The ‘True Star’

The port of Amoy, in China, had always been central to the country’s trading prowess. It was here that a large ancient Chinese sailing ship, known as a junk was moored. This ship was called the ‘Tek Sing’, translating as ‘True Star’. She was bound for Jakarta in Indonesia and she was loaded with precious cargo and Chinese passengers. On board there was porcelain, silks, spices, and medicines. There was so much cargo that some was even strapped to the outside of the ship’s hull.

After a month of sailing, the Tek Sing’s captain, Io Tauko, decided to attempt a shortcut through the Gaspar Strait between the Bangka-Belitung Islands. This was notoriously difficult sailing and the ‘Tek Sing’ ran aground on a reef. The junk sank in about 30m (100 feet) of water.

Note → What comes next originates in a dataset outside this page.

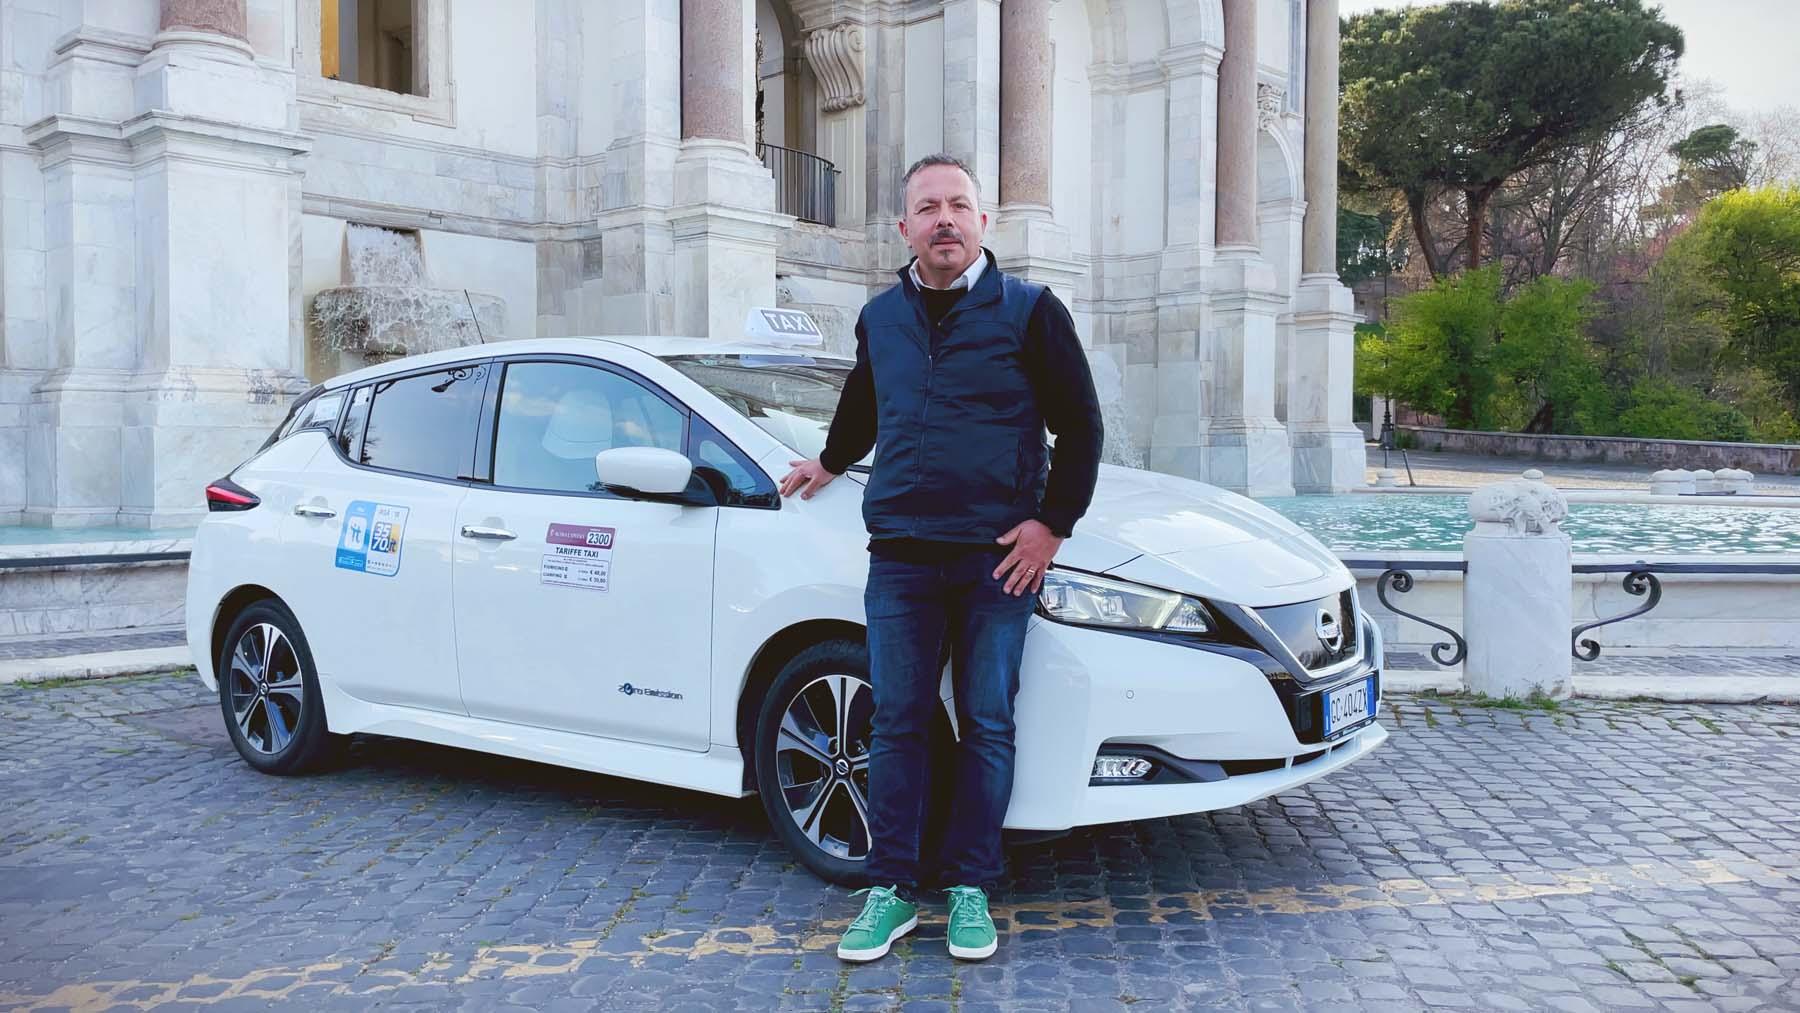 Picture 1 Οι Ευρωπαίοι οδηγοί EVs ταξιδεύουν περισσότερο, σύμφωνα με έρευνα της Nissan Electric cars, electric vehicles, EV, Leaf, Nissan, Nissan LEAF, ειδήσεις, ηλεκτρικά, ηλεκτροκινηση, Νέα

The next morning, February 7, an English East Indiaman, captained by James Pearl, sailing from Indonesia to Borneo passed through the Gaspar Strait. The ship encountered debris from the sunk Chinese vessel and an enormous number of survivors. Nearly 200 survivors were rescued.

Tek Sing's Salvage

On May 12 1999 a British marine salvor, Michael Hatcher, discovered the wreck of the Tek Sing in an area of the South China Sea, north of Java, east of Sumatra and south of Singapore. His crew raised about 350,000 pieces of the ship’s cargo in what is described as the largest sunken cache of Chinese porcelain ever recovered.

Antique porcelain from a wreck can be worth more than its weight in gold, so the treasure hunters were keen to have the haul examined by experts. They were surprised to find that the porcelain originated from many different places and dates. Some pieces must have been around 100 years old when they were loaded. Many of the items were new to marine archaeologists, and provided valuable insights into Chinese life.

Tek Sing’s porcelain cargo had been packed so tightly, that even after nearly 200 years under the silt and coral, many examples were in almost pristine condition.